---
name: benchmark-and-mms-planner
description: >
  Plan verification and validation campaigns for simulation codes using
  manufactured solutions, canonical benchmark problems, grid/time refinement,
  uncertainty propagation, and pass/fail acceptance criteria. Use when an
  agent needs to prove a solver, model, or result is trustworthy rather than
  only plausible.
allowed-tools: Read, Bash, Write, Grep, Glob
metadata:
  author: HeshamFS
  version: "1.0.0"
  security_tier: high
  security_reviewed: true
  tested_with:
    - claude-code
    - gemini-cli
    - vs-code-copilot
  eval_cases: 3
  last_reviewed: "2026-05-18"
---

# Benchmark And MMS Planner

## Goal

Design a verification and validation plan before trusting simulation results.

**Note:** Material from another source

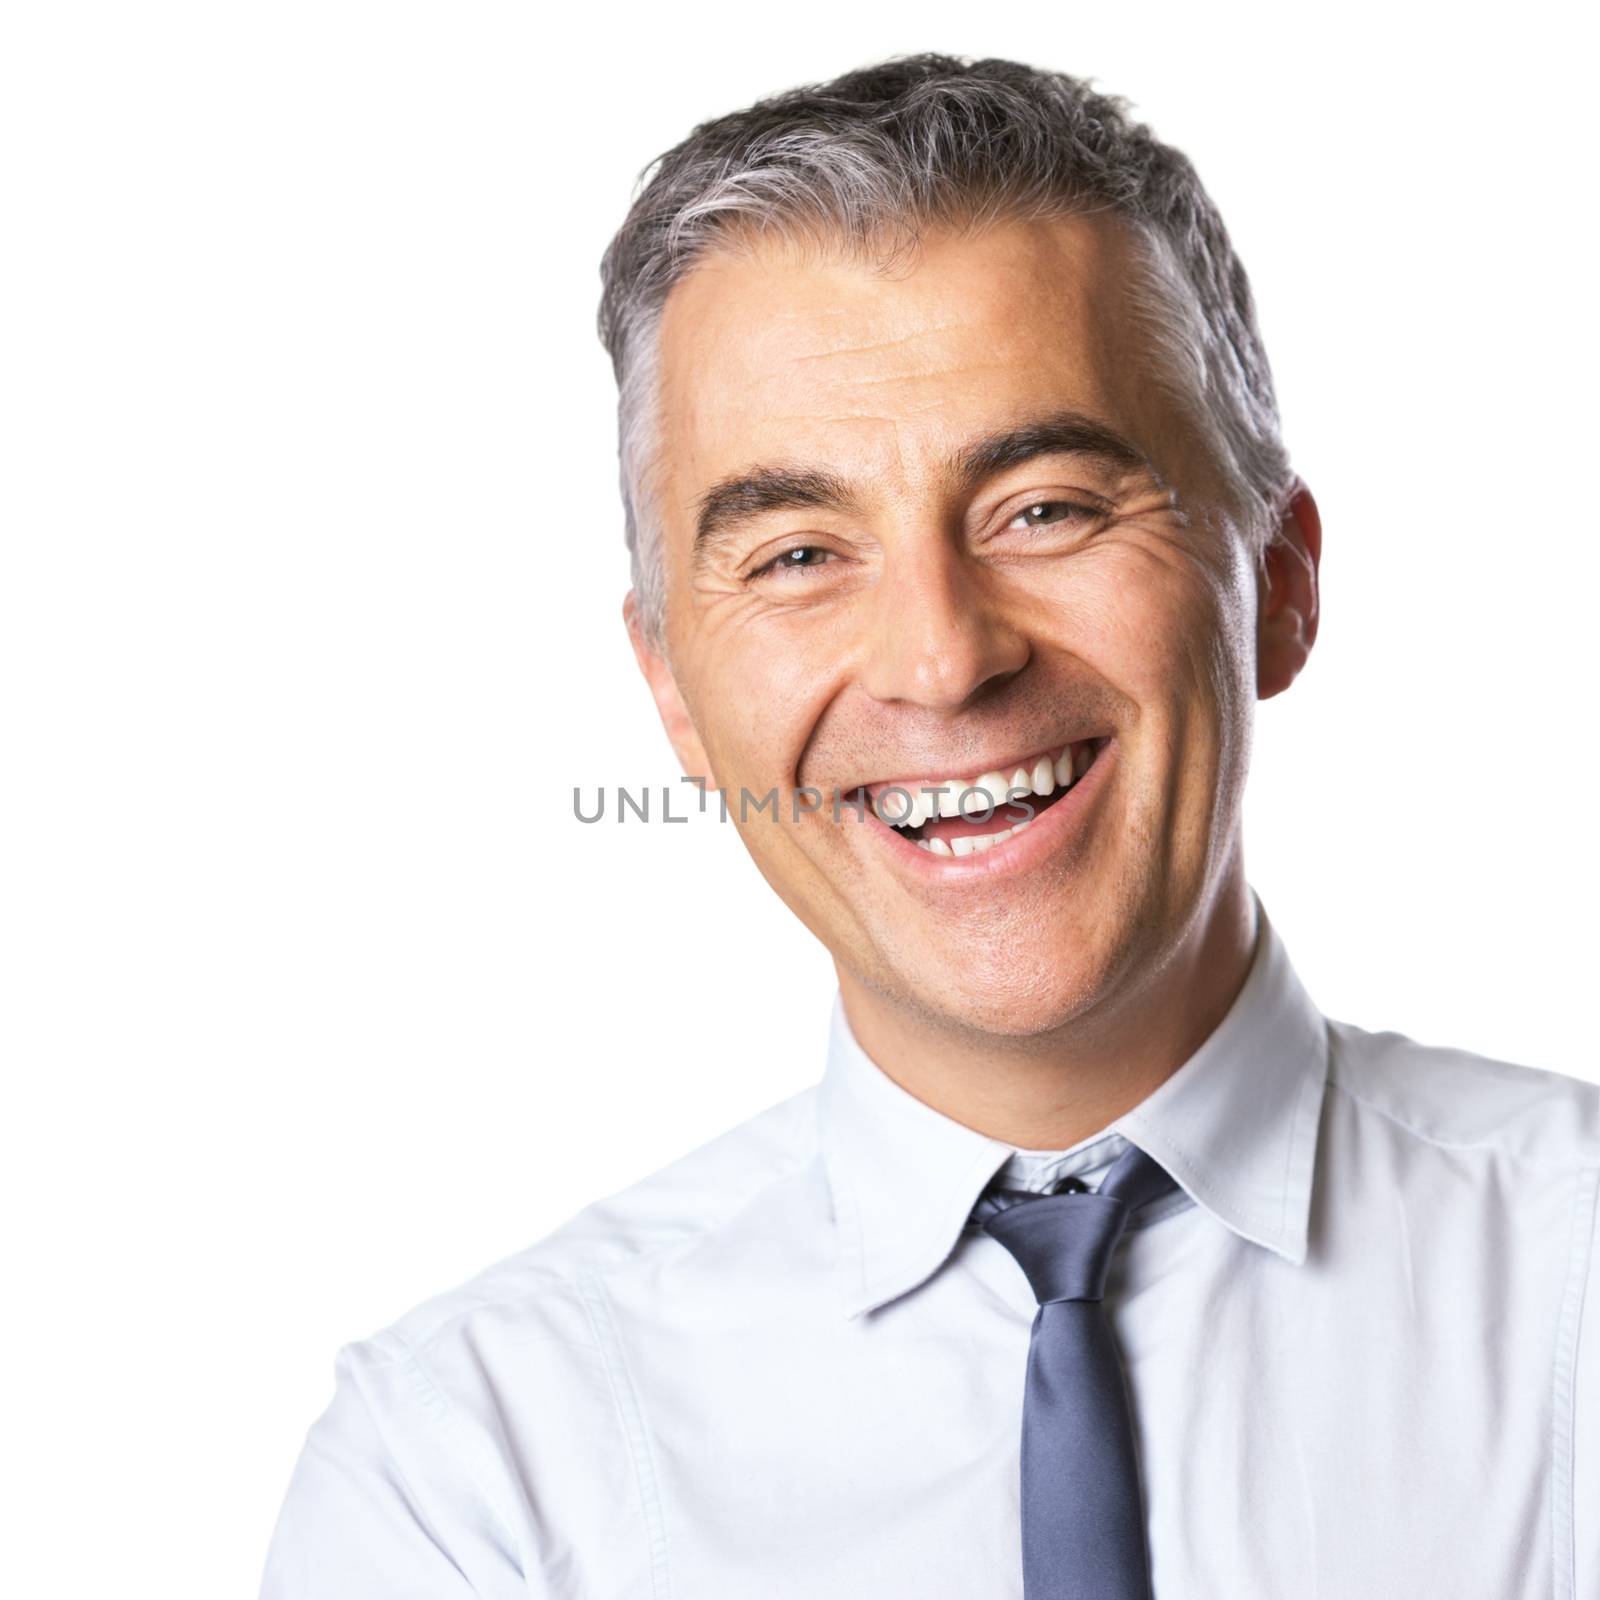 Smiling mature businessman in white shirt and tie looking at camera on white background.
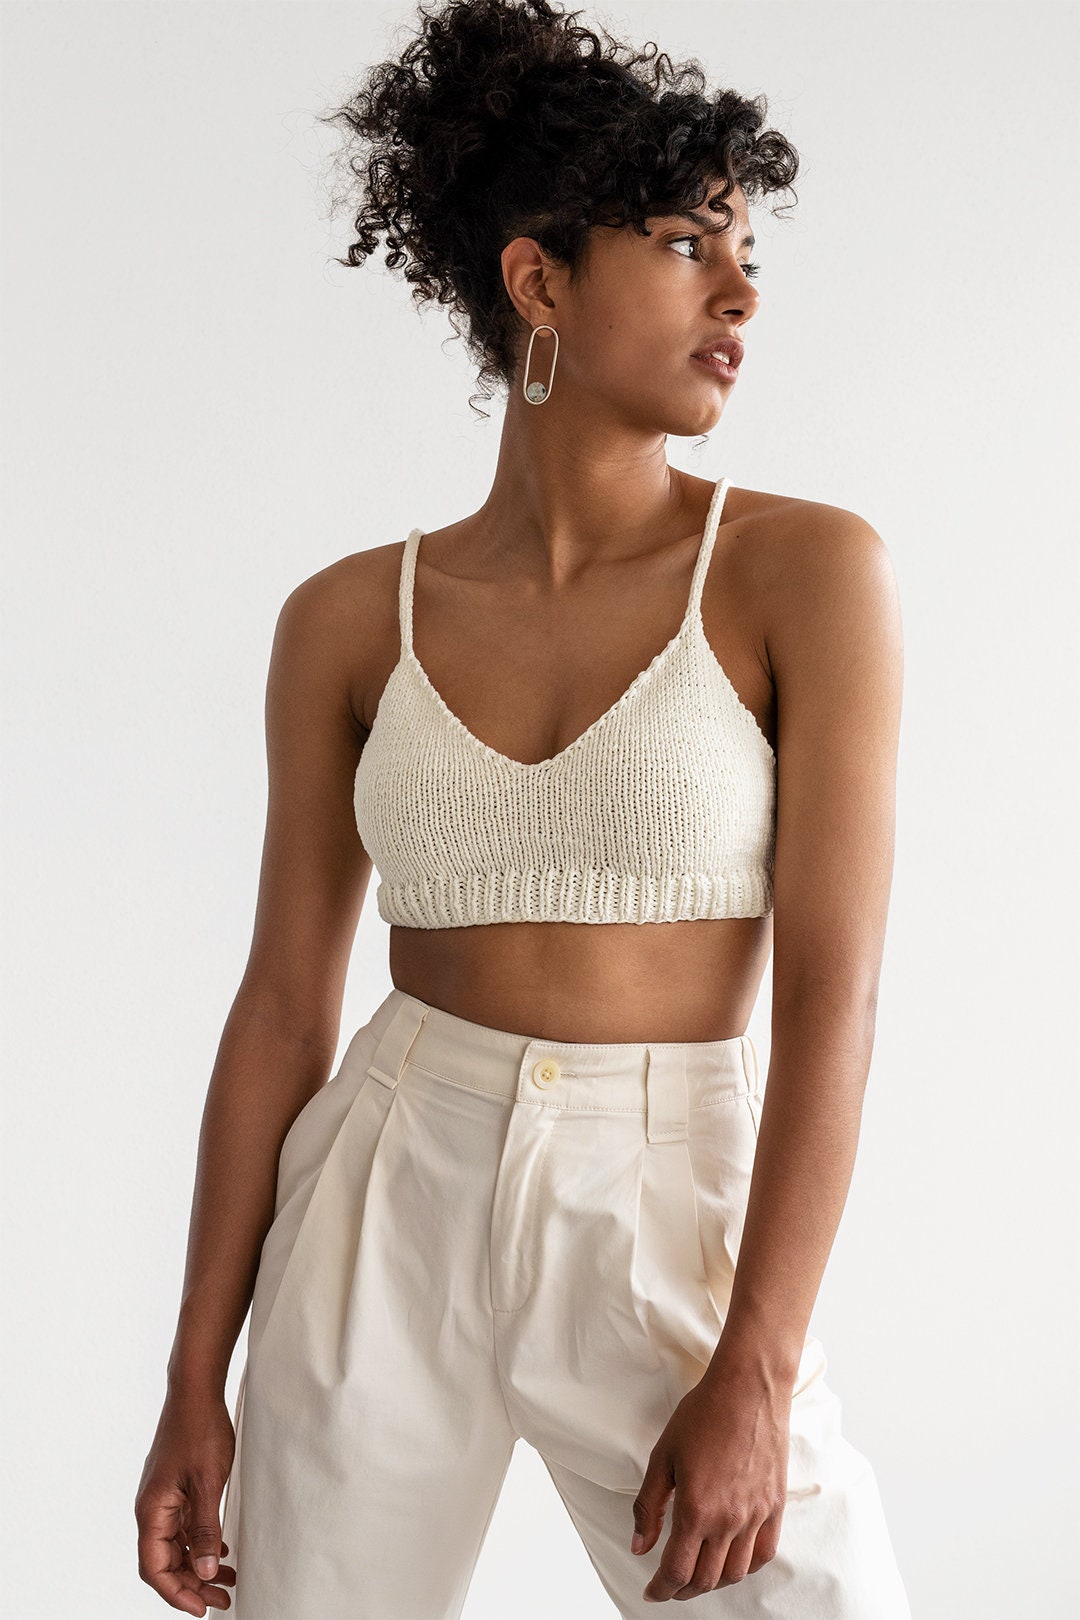 Hand Knit Bralette in Vanilla Scoop, Cotton Knit Bra, Fitted Yoga Top,  Minimal V Neck Crop Top, Soft Comfortable Bra, Cropped Womens Tops

The skill helps agents choose manufactured solutions, benchmark cases, refinement protocols, uncertainty checks, and pass/fail criteria.

## Requirements

- Python 3.10+
- No external dependencies
- Works on Linux, macOS, and Windows

## Inputs to Gather

| Input | Description | Example |
|-------|-------------|---------|
| PDE or model class | Governing family | `diffusion`, `elasticity`, `phase-field` |
| Quantity of interest | Metric to validate | `interface velocity`, `L2 temperature error` |
| Dimension | 1, 2, or 3 | `2` |
| Expected order | Formal discretization order | `2` |
| Reference availability | Analytic, benchmark, or none | `analytic` |
| Risk level | Cost or consequence of wrong result | `high` |

## Decision Guidance

- Use **MMS** when code correctness is uncertain and an analytic solution can be injected.
- Use **canonical benchmarks** when physical model validation matters more than code verification.
- Use **grid/time refinement** whenever the result is used for a claim, design decision, or comparison.
- Use **uncertainty propagation** when inputs are calibrated, noisy, or experimentally measured.

## Script Outputs

`scripts/benchmark_mms_planner.py` emits `inputs` and `results` with:

- `verification_strategy`
- `mms_plan`
- `benchmark_cases`
- `refinement_protocol`
- `acceptance_criteria`
- `warnings`

## Workflow

1. Collect the governing model, quantity of interest, and risk level.
2. Run `benchmark_mms_planner.py --json`.
3. Treat warnings as blockers for high-risk claims.
4. Convert the returned protocol into tests, simulation runs, or review checklist items.

```bash
python3 skills/verification-validation/benchmark-and-mms-planner/scripts/benchmark_mms_planner.py \
  --model diffusion \
  --quantity "L2 error in temperature" \
  --dimension 2 \
  --expected-order 2 \
  --reference analytic \
  --risk high \
  --json
```

## Error Handling

- If the dimension or expected order is invalid, stop and correct the model description.
- If no reference exists, use conservation and convergence checks but do not call the result validated.

## Limitations

This skill plans verification work; it does not run the solver or prove that a physical model is appropriate for an experiment.

## Security

- Inputs are scalar strings and finite numeric values only.
- The script does not execute external solvers.
- File writes are not performed.
- The skill uses `Bash` only to run its bundled script.

## References

- See `references/vv_patterns.md` for MMS, benchmark, and uncertainty planning notes.

## Version History

- 1.0.0: Initial benchmark and MMS planning skill.